他称那个领导批了他之前的调薪申请,他准备送8000,因为加薪对家庭来说是好事,他也要求我AA。
我当时想着他前几天给我买了根钻石项链,就转给了他。
没想到,竟然是去给他的兄弟买游戏机。
我指着地上的小票:“你把钱给他们买东西了?”
“是不是卡里的钱,全给你这帮所谓的兄弟了?”
隔离病房里的贝贝看着我们又在吵架,哭了起来。
护士皱着眉冲出来说 :“家长别吵了,孩子心率上去了”。
我突然想起去年冬天,贝贝抵抗力差,医生建议喝进口退烧药,280 一盒。
林默买回来的却是国产的,只需要80元,他说效果一样,可贝贝烧了三天才退。
后来我却在他车里发现张 KTV 结账单,5800 元,付款人是林默。
......
过往种种在此刻爆发。
我揪着他的衣领:“林默,你给兄弟买游戏机的时候,想过我们这个家吗?”
他猛地推开我:“我给他们花钱怎么了?他们是我兄弟!你和贝贝是家人,家人就该互相体谅!”

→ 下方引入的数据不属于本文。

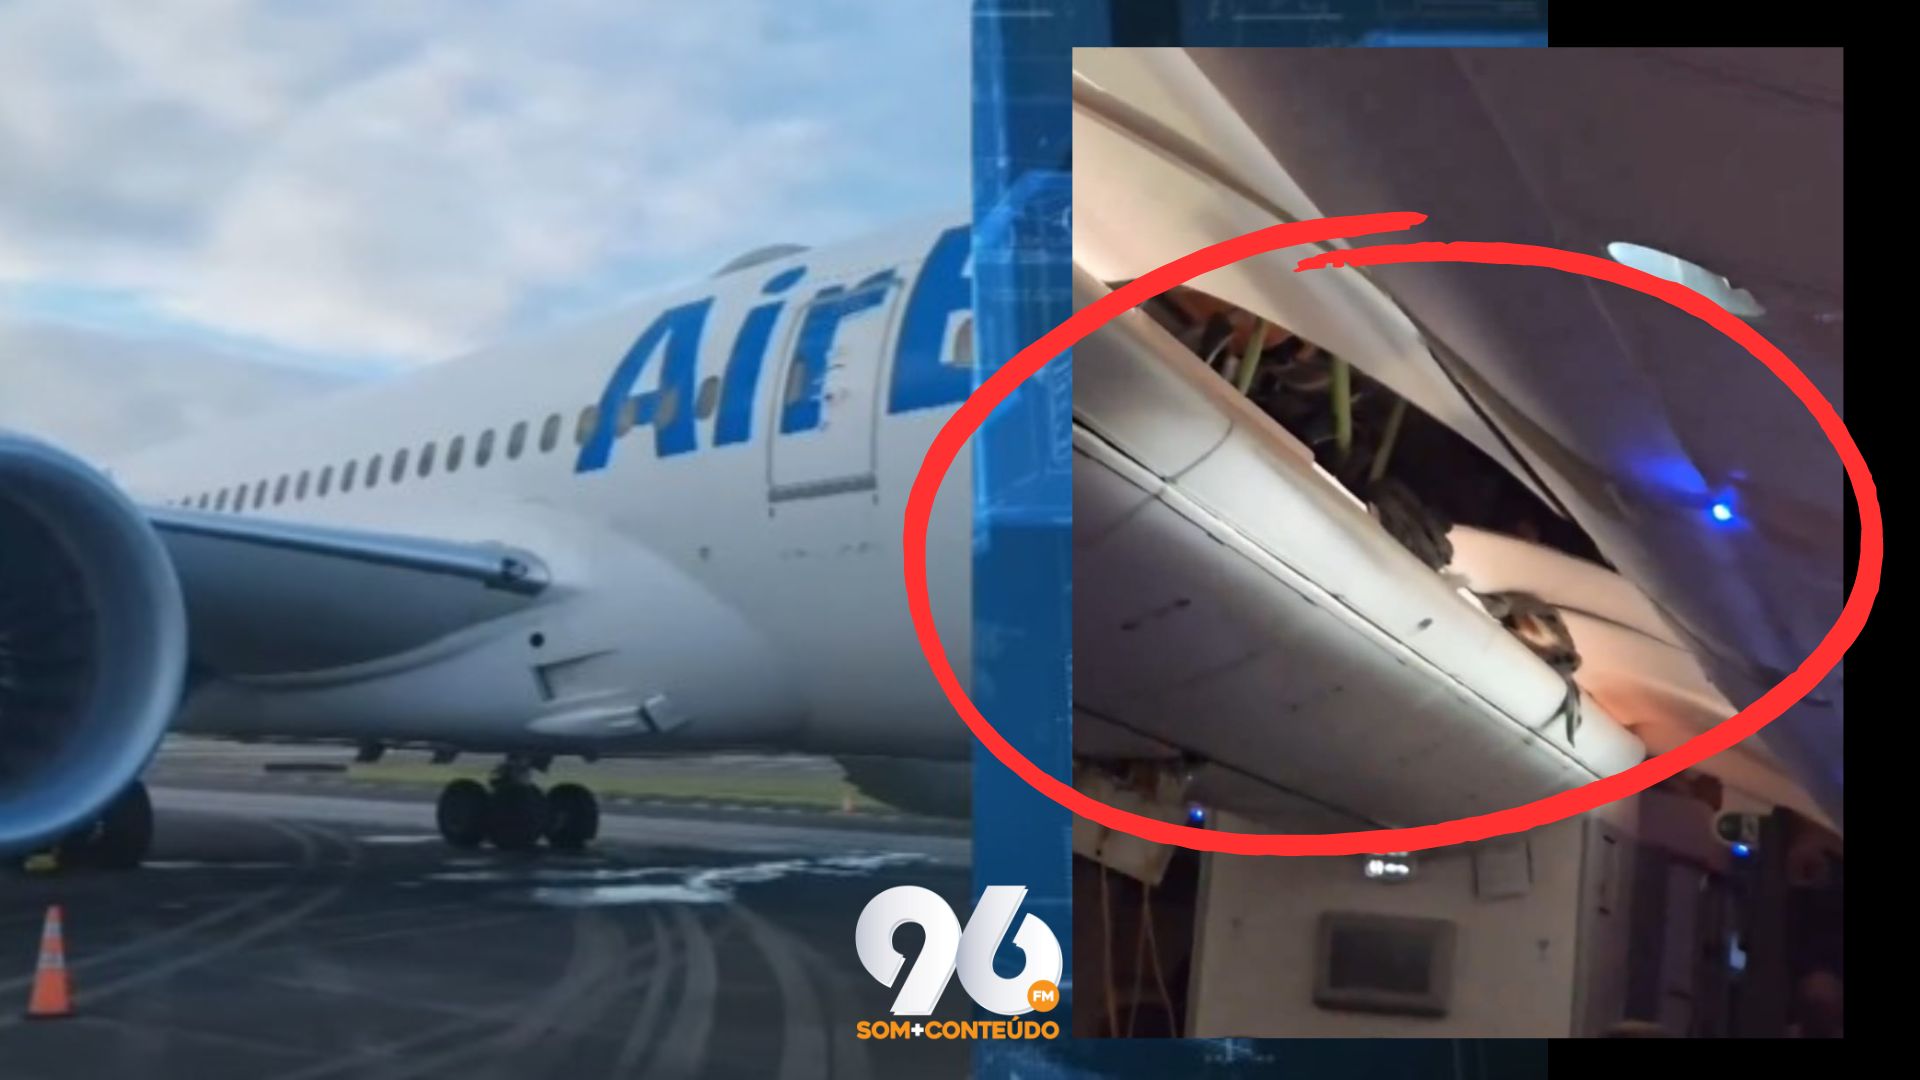 [VIDEO] Air Europa: Imagens mostram teto do avião danificado após ser atingido por passageiros sem cinto

我笑出声,眼泪却掉了下来:“我要怎么体谅?体谅你把给女儿救命的钱,花在和别人买酒买游戏机上?”
“你知不知道你女儿很想吃草莓,你却舍不得给她买!你给兄弟随便买的游戏机,够女儿吃100盒草莓了。”
他竟然好意思说:“那我现在就去给贝贝买草莓!”
我拦住他:“林默,现在贝贝要的不是草莓,是钱,是救命钱。”
林默的脸涨成猪肝色,突然转身往楼梯间跑。
我追上去想打他,拉扯间他的烂手机掉了出来。
“你还真是好大哥啊,自己手机烂得声音都听不清,却拿8000给阿强买了手机。怎么?这么贵的手机不能打游戏?还要你买游戏机。”
阿强正好发来新消息:“默哥,你咋挂了?对了,我谈了个新对象,想要个金镯子,上次买那个样式的就不错,你再给买一个呗。”
我正想狠狠打他一巴掌。
突然护士探出头叫我:“林贝贝妈妈,该签字了。”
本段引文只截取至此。